Code Size & Speed Optimization - Embedded C/C++ for Automotive

Compiler Optimisation Flags

Flag	Effect	Use Case
−O0	No optimisation; fastest compile	Debug builds: full debuggability
−O1	Basic optimisation; safe for debugger	Development: some optimisation, still debuggable
−O2	Full optimisation; recommended for release	Production: best balance speed/size
−O3	Aggressive: auto-vectorisation, inlining	High-performance compute; verify MISRA compliance
−Os	Optimise for size	Flash-constrained systems; may be slower than −O2
−Og	Optimise for debuggability	Debug build: better optimisation than −O0 but debugger still works
−flto	Link-time optimisation	Cross-translation-unit inlining; significant speedup on larger codebases

Code Size Reduction Techniques

Ccode_size.c

/* Technique 1: Function attributes to guide linker/compiler */
/* __attribute__((noinline)): prevent inlining of rarely-called functions */
__attribute__((noinline)) void Error_Handler(uint32_t error_code)
{
    /* complex error handling: don't inline at every call site */
    Log_Error(error_code);
    DEM_ReportError(error_code);
}

/* __attribute__((always_inline)): force inlining of hot small functions */
static __attribute__((always_inline)) inline uint32_t
Gpio_ReadPin(uint8_t port, uint8_t pin)
{
    return (PORT(port)->IN >> pin) & 0x01u;  /* 2–3 instructions: inline is free */
}

/* Technique 2: Avoid printf/scanf in production (largest contributor to code size) */
/* printf + format strings + float support: +30–80 kB flash */
/* Replace with: semihosting, UART with custom itoa, or SWO trace */

/* Technique 3: Linker garbage collection */
/* gcc: -ffunction-sections -fdata-sections -Wl,--gc-sections
   Each function/variable gets its own section; linker removes unused ones
   Can save 10–30% flash on large codebases with many helper functions */

/* Technique 4: Section attributes to control placement */
__attribute__((section(".ccmram")))  /* place in Core-Coupled Memory for speed */
static uint32_t g_hot_data[64];

__attribute__((section(".fastcode"))) /* place code in RAM for zero-wait execution */
void __attribute__((noinline)) Fast_CriticalISR(void)
{
    /* executed from RAM: single-cycle instruction fetch */
}

Speed Optimisation Techniques

Cspeed_opt.c

/* Technique 1: Loop optimisation */
/* Inefficient: function call overhead per element */
void process_slow(const uint8_t *in, uint8_t *out, uint16_t len)
{
    for (uint16_t i = 0u; i < len; i++) {
        out[i] = compute_expensive(in[i]);  /* function call per byte */
    }
}

/* Faster: unroll by 4 (reduces loop overhead) */
void process_fast(const uint8_t *in, uint8_t *out, uint16_t len)
{
    uint16_t i = 0u;
    for (; i + 3u < len; i += 4u) {   /* process 4 at a time */
        out[i+0u] = lut[in[i+0u]];    /* table lookup: 1 cycle vs function call */
        out[i+1u] = lut[in[i+1u]];
        out[i+2u] = lut[in[i+2u]];
        out[i+3u] = lut[in[i+3u]];
    }
    for (; i < len; i++) { out[i] = lut[in[i]]; }  /* remainder */
}

/* Technique 2: DSPR scratchpad placement (Aurix TC3xx) */
/* DSPR: 256 kB Core-local SRAM at 0x50000000; single-cycle access */
/* Compare: LMU RAM 3–5 cycles; PFlash 3–10 cycles (cached) */

/* Technique 3: Cortex-M SIMD via ARM DSP extension (Cortex-M4/M7) */
/* __SADD16: simultaneous 16-bit adds on two pairs of int16 */
/* Useful for Q15 vector arithmetic, FIR filter coefficient application */
#include "cmsis_gcc.h"
uint32_t simd_add(uint32_t a, uint32_t b) { return __SADD16(a, b); }

Summary

The golden rule of optimisation: measure first, then optimise the measured hotspot.

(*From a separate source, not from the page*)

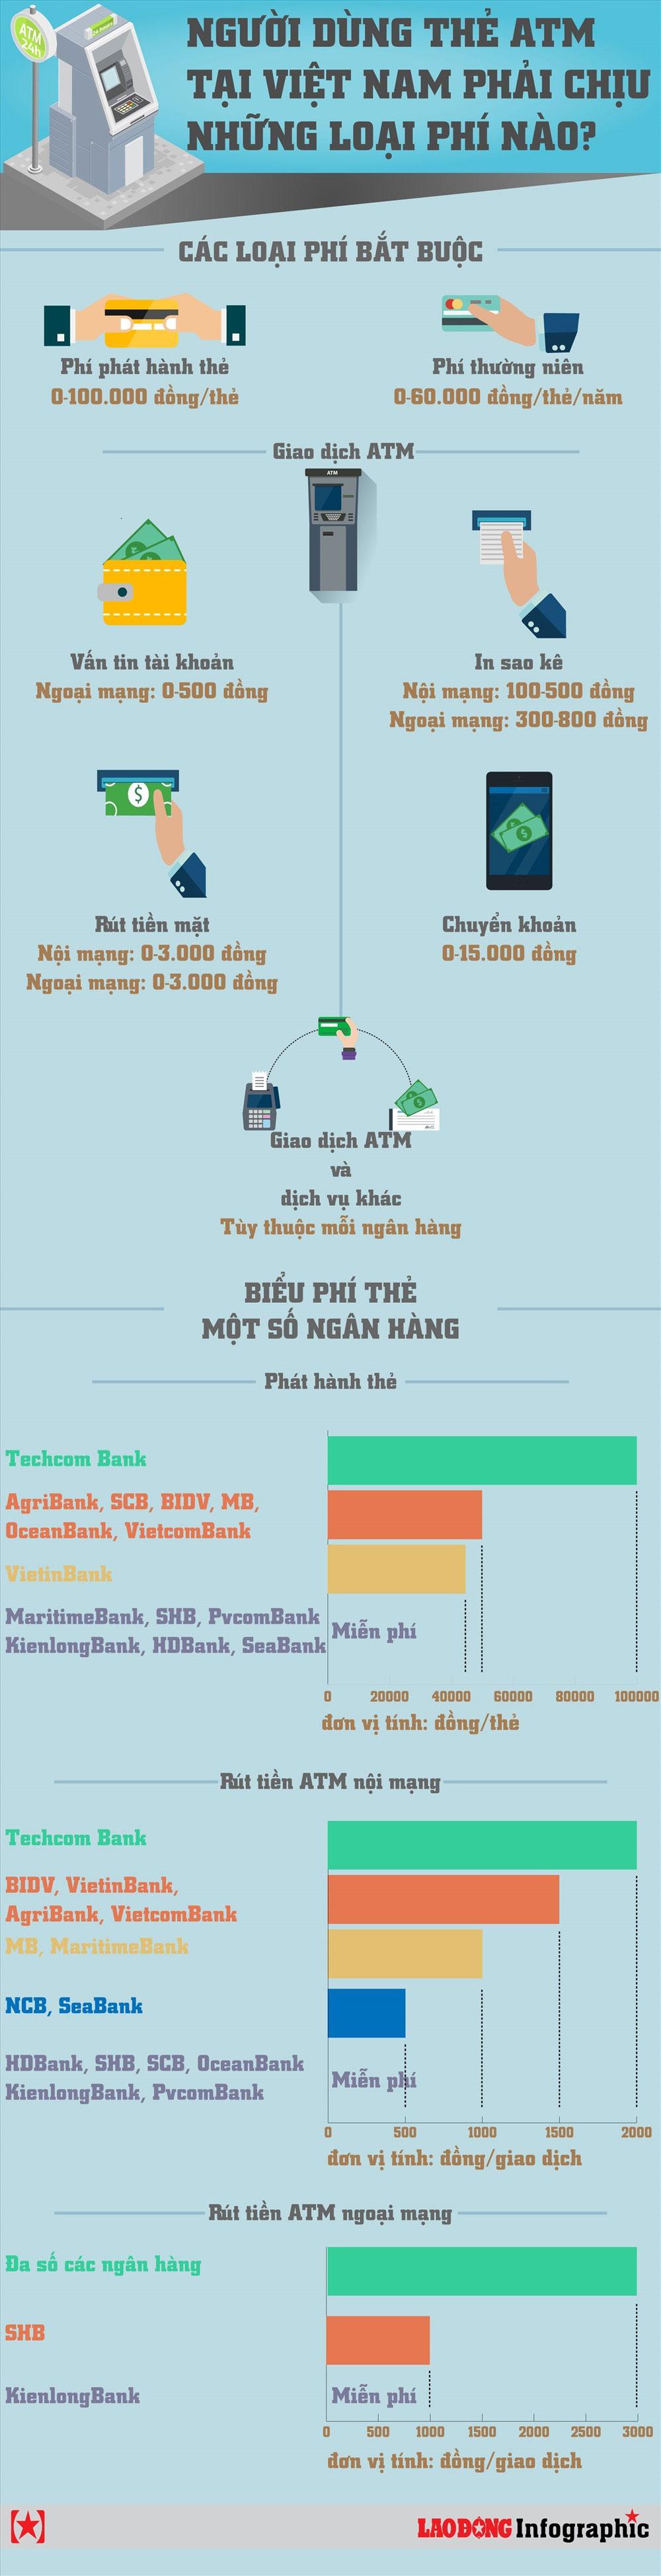 Người dùng thẻ ATM, Việt Nam, loại phí
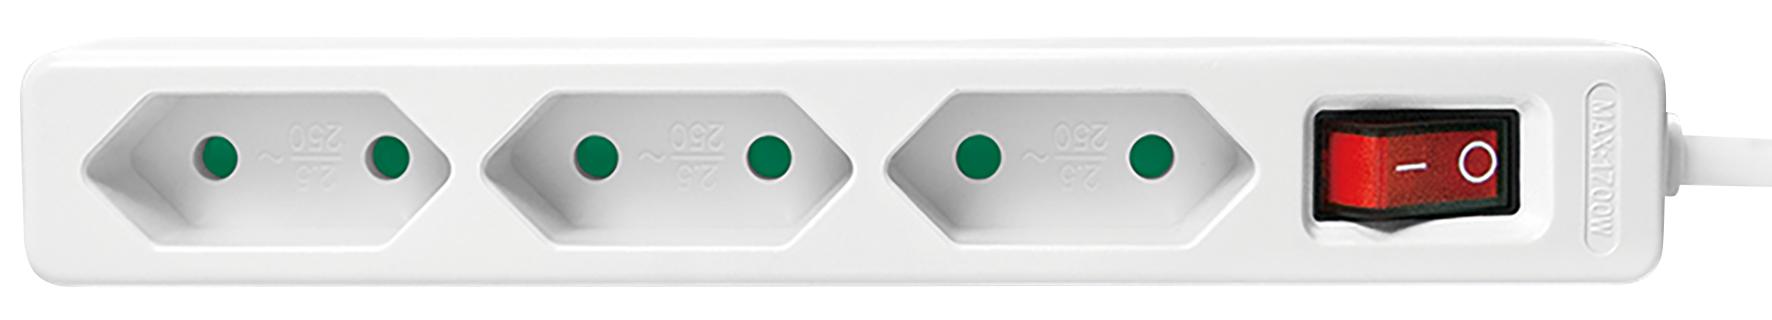 Steckdosenleiste 3-fach mit Schalter, Euro

A profiler (ETM trace on Aurix, cycle counting on Cortex-M, or GNU gprof on native tests) identifies the 10% of code that consumes 90% of execution time. Optimising the other 90% gives diminishing returns and increases maintenance risk. For code size, -ffunction-sections -fdata-sections -Wl,--gc-sections combined with removing unused code paths typically saves 10–30% flash with zero effort. For speed, the highest-impact techniques are: table lookups instead of computation, placement in fast memory (DSPR/CCM), and avoiding function call overhead in tight loops.

🔬 Deep Dive — Core Concepts Expanded

This section builds on the foundational concepts covered above with additional technical depth, edge cases, and configuration nuances that separate competent engineers from experts. When working on production ECU projects, the details covered here are the ones most commonly responsible for integration delays and late-phase defects.

Key principles to reinforce:

Configuration over coding: In AUTOSAR and automotive middleware environments, correctness is largely determined by ARXML configuration, not application code. A correctly implemented algorithm can produce wrong results due to a single misconfigured parameter.
Traceability as a first-class concern: Every configuration decision should be traceable to a requirement, safety goal, or architecture decision. Undocumented configuration choices are a common source of regression defects when ECUs are updated.
Cross-module dependencies: In tightly integrated automotive software stacks, changing one module's configuration often requires corresponding updates in dependent modules. Always perform a dependency impact analysis before submitting configuration changes.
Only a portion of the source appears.